_Problem to work on_
Could you reproduce, word for word, everything below from the line containing "Bruce Almighty HD" down to the line containing "Bean Bag: 3XL", with both of those lines included and no others?

***** The data

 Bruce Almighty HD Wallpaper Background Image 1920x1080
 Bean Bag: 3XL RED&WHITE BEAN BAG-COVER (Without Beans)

**********
***** The data

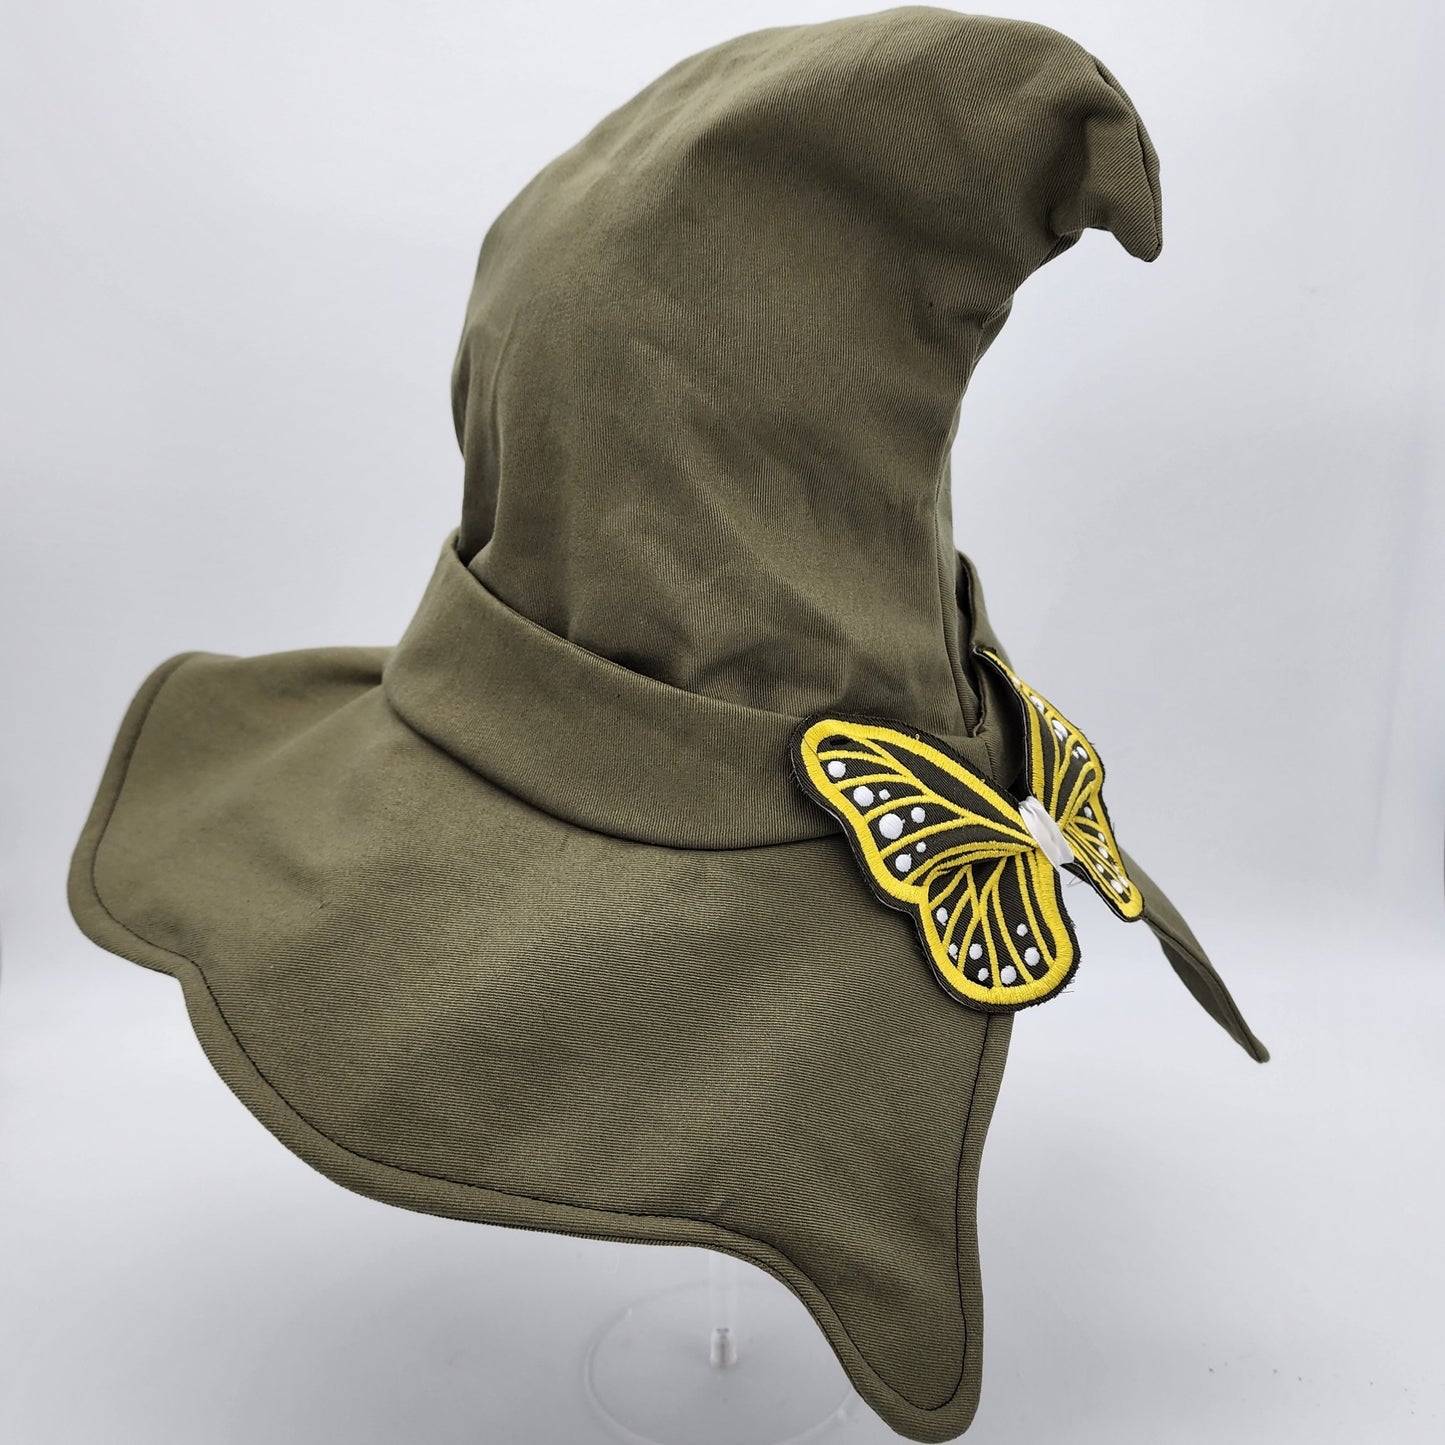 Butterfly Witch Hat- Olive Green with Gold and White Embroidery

**********
***** The data

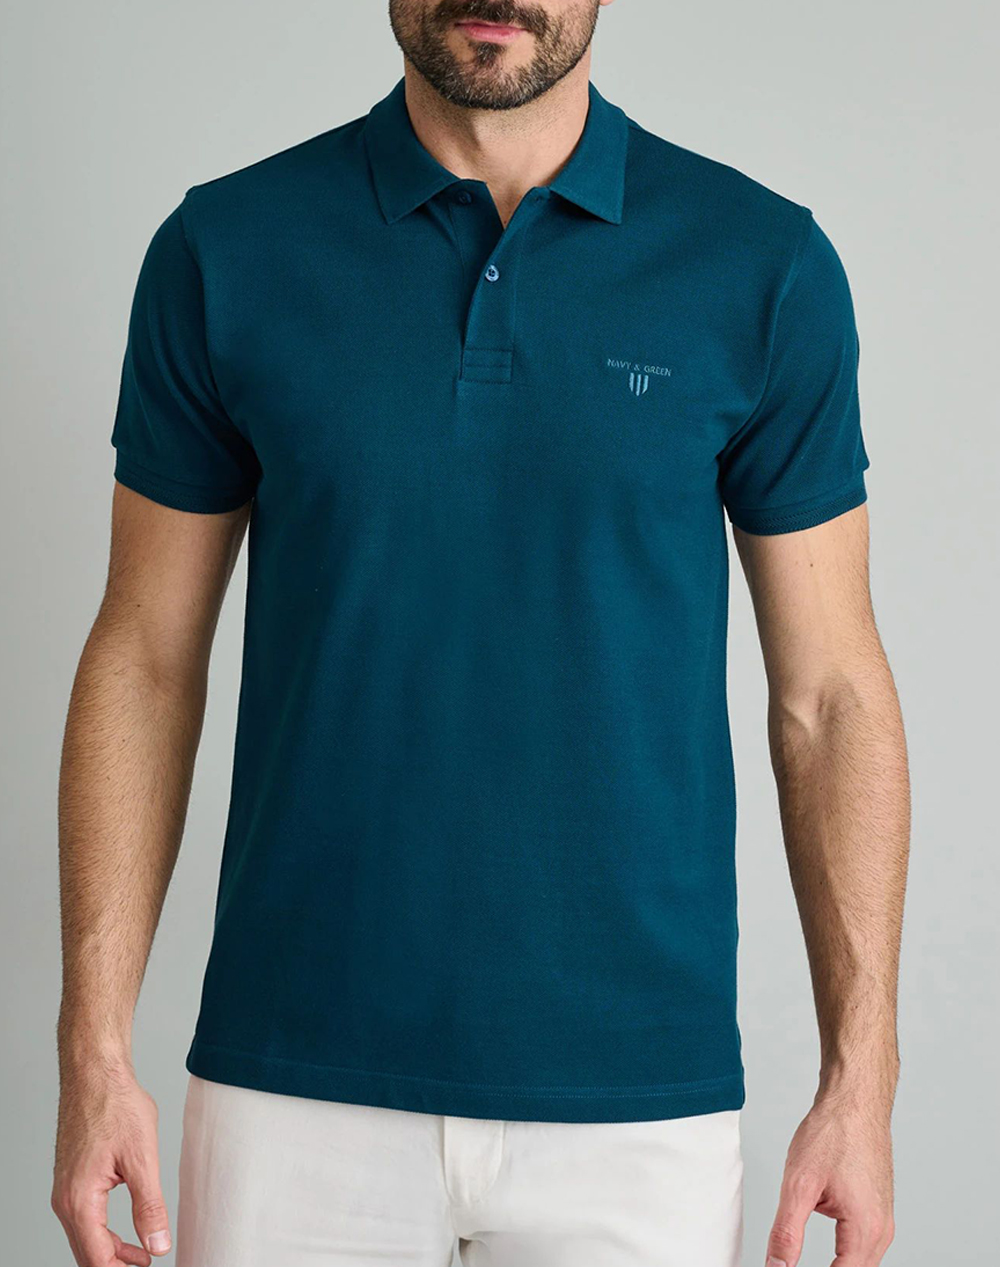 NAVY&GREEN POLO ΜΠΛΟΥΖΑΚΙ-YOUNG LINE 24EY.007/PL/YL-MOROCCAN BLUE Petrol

**********

_Answer to the exercise_
 Bruce Almighty HD Wallpaper Background Image 1920x1080
 Bean Bag: 3XL RED&WHITE BEAN BAG-COVER (Without Beans)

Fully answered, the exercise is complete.